I suspect this also gives bitfinex some time to insert their margin call liquidation orders in front of individual chunks of the large market sell order. If they are doing this, it would give added protection to swap underwriters since margin-called positions would be liquidated at higher prices and would also give traders who were forcibly closed by margin calls smaller loses due to a better price. The person who loses out is the person executing the large market sell order which triggered the crash.
If bitfinex, instead, gives priority to the large market sell order over the margin call liquidation orders, then the large seller benefits from less slippage at the cost of the intermediate buyers on the way down who refill the bid walls during each "speed bump" (although there is less slippage, the overall price could be worse since market orders inserted between successively executed chunks of the initial order could depress the price more).
Bitfinex gives the second explanation for why they have this "price throttling". They suggest that any market order of that size is likely to be manipulative since no rational person would prefer a worse execution price over breaking up the market order for a better price. Therefore, they throttle it.
Personally, I don't buy that explanation. Market manipulation is an ominous term which can mean anything from spreading false rumors to painting the tape to hunting for stop losses. What some people call manipulation, others call good strategy. In any case, "manipulation", real or not, is very difficult to pull off and usually the manipulator takes on exorbitant risk which results in huge losses if the market does not react how he wants it to react. Regardless of which practices we term manipulation, there are good non-manipulative reasons for executing a large market sell in the face of cascading margin calls below you.
I think bitfinex is just looking out for its swap writers' solvencies and, thus, indirectly their own interests. If there are full or partial defaults in bitfinex's swap market, people would be less willing to write them and those that do would require a higher premium. This would make leverage more expensive and reduce margin trading volume altogether.
What this whole episode shows us is that the bitcoin markets are becoming more automated and more intricately interwoven. Already fundamental news has stopped affecting the price and now we are starting to see flash crashes (much like the real world markets). Maybe bots are getting progressively more tangled up with other bots and there will be more flash crashes to come.
- Bank of Canada came out with a paper which looks at arbitrage opportunities in the bitcoin markets and finds arbs no longer exist: http://bit.ly/1mcW6Ne.
- Unfortunately, the paper's methodology was questionable.
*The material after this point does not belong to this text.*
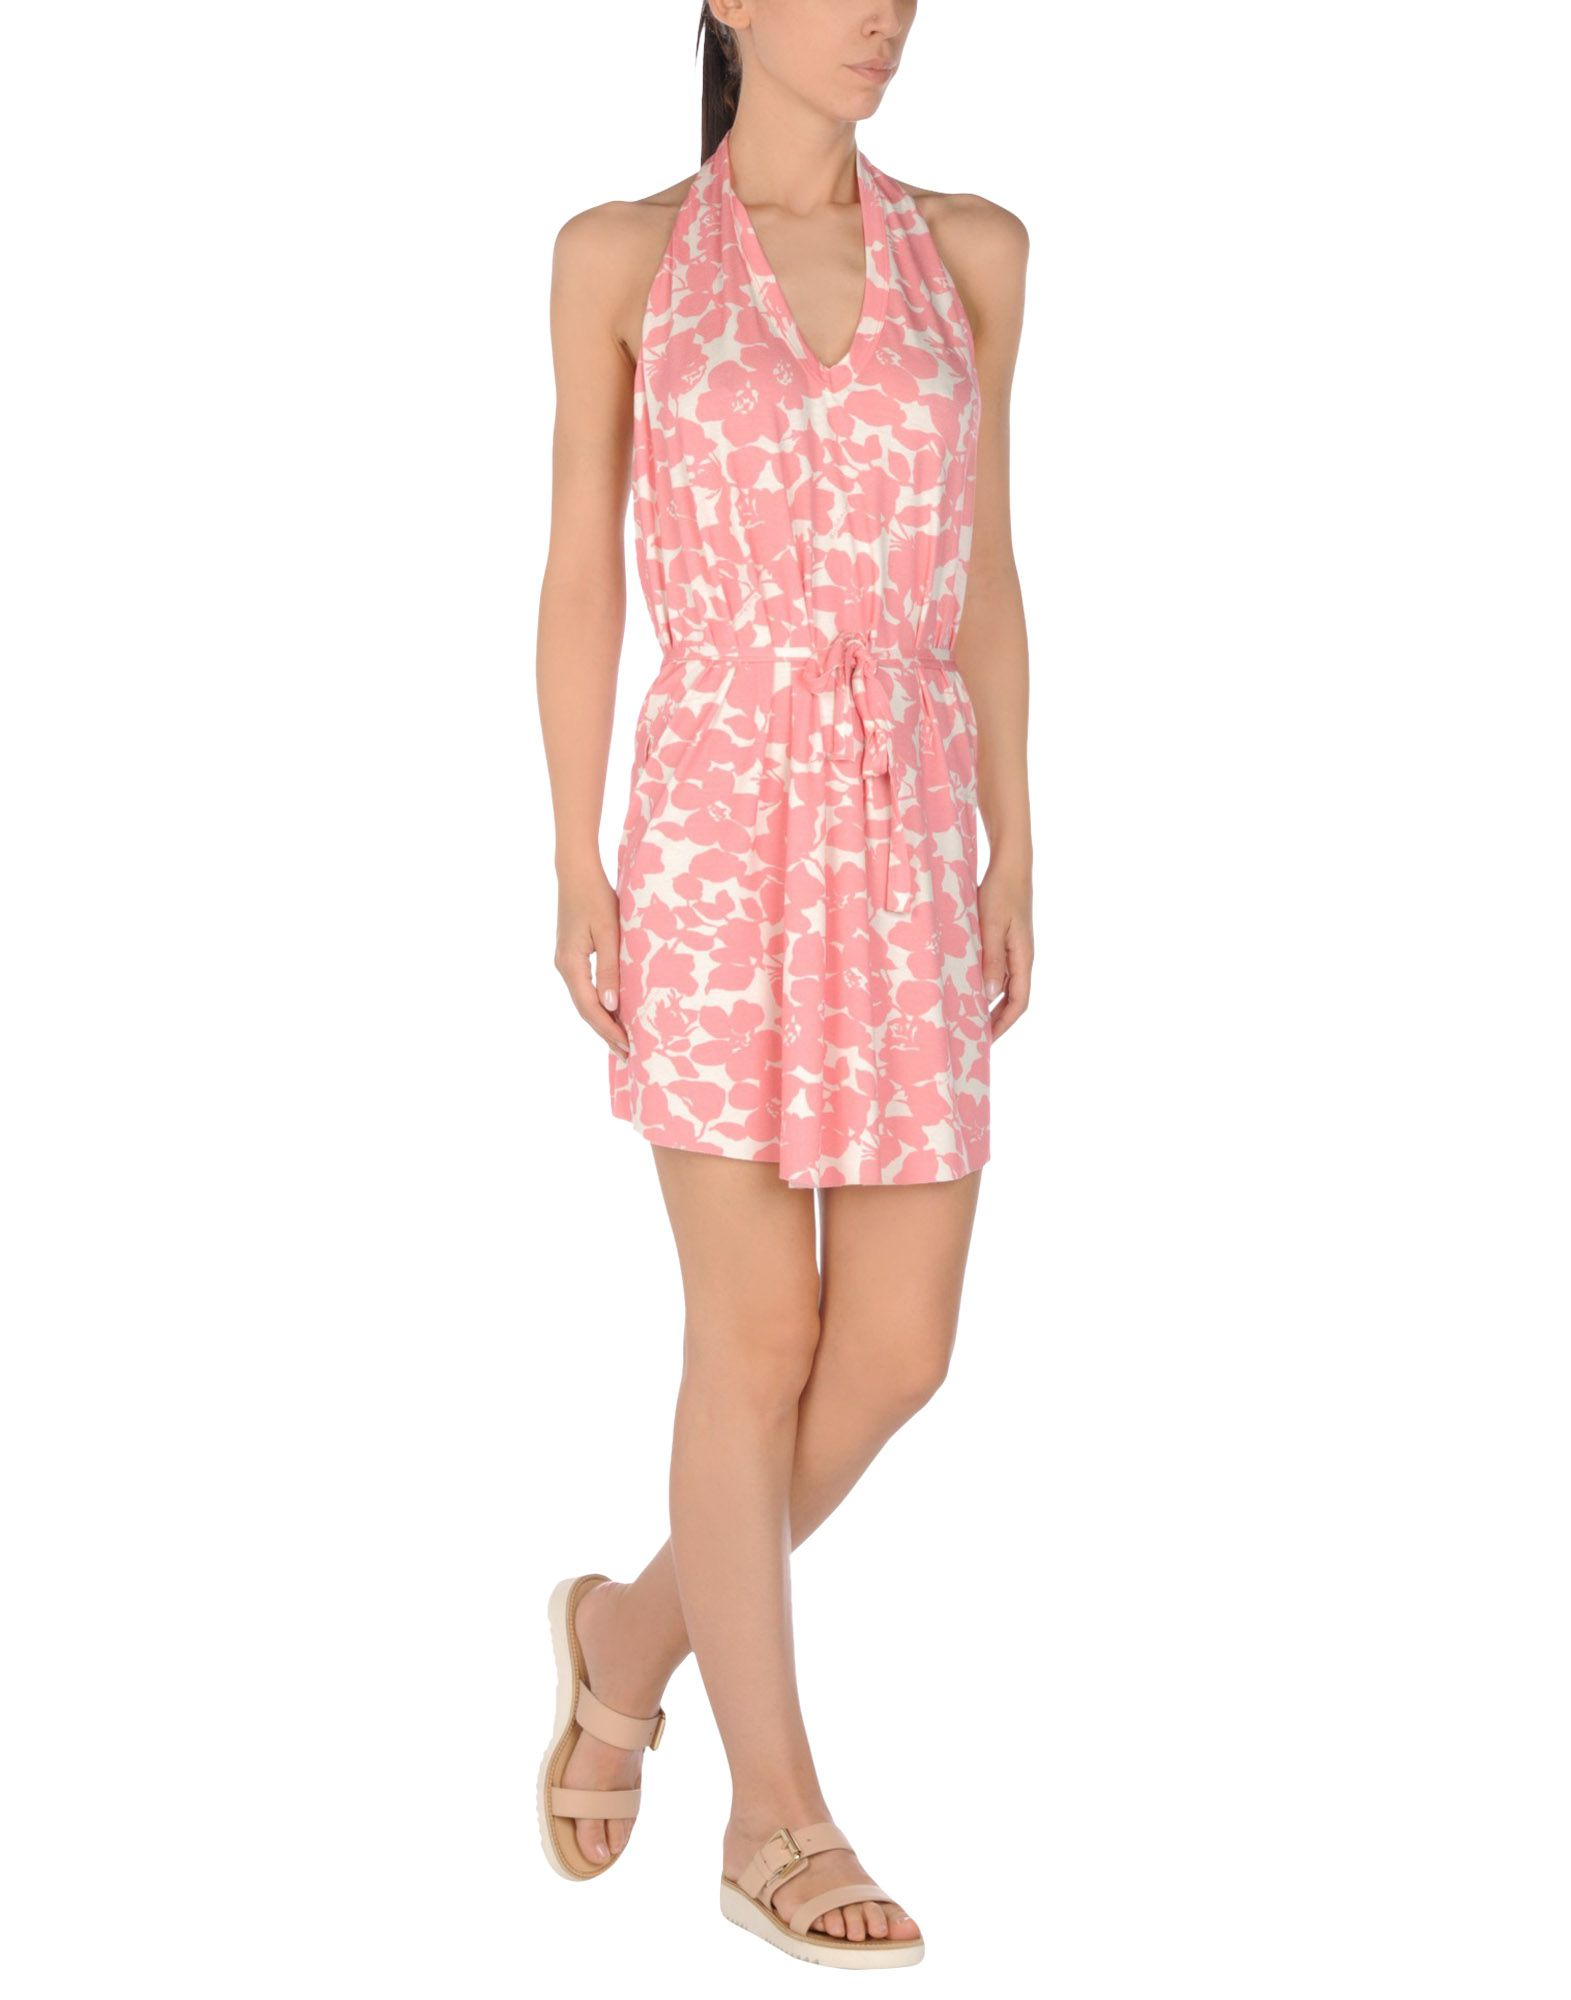 MISS BIKINI Пляжное платье топ miss selfridge miss selfridge mi035ewvqn62

They use daily closing prices for their historic data which makes no sense since arbitrages don't last 24 hours barring special events like the China ban.
- As a side note, if a market seems to have no arbs possible, it's because arbitrageurs are doing those arbs. So tautologically, the lack of apparent arbs is evidence of the presence of arbs being done, so the question itself is rather pointless. A better question would be, how fast do you have to be to capture the arbs from the other arbitrageurs?
- Jed and Ripple strike a deal to avoid immediate selloff of Jed's $9bn XRP: http://bit.ly/1v96yKS.
- I wonder what Jed got out of that deal. Maybe Ripple agreed not to sue Stellar. Not that there is a strong basis to sue over open-sourced tech.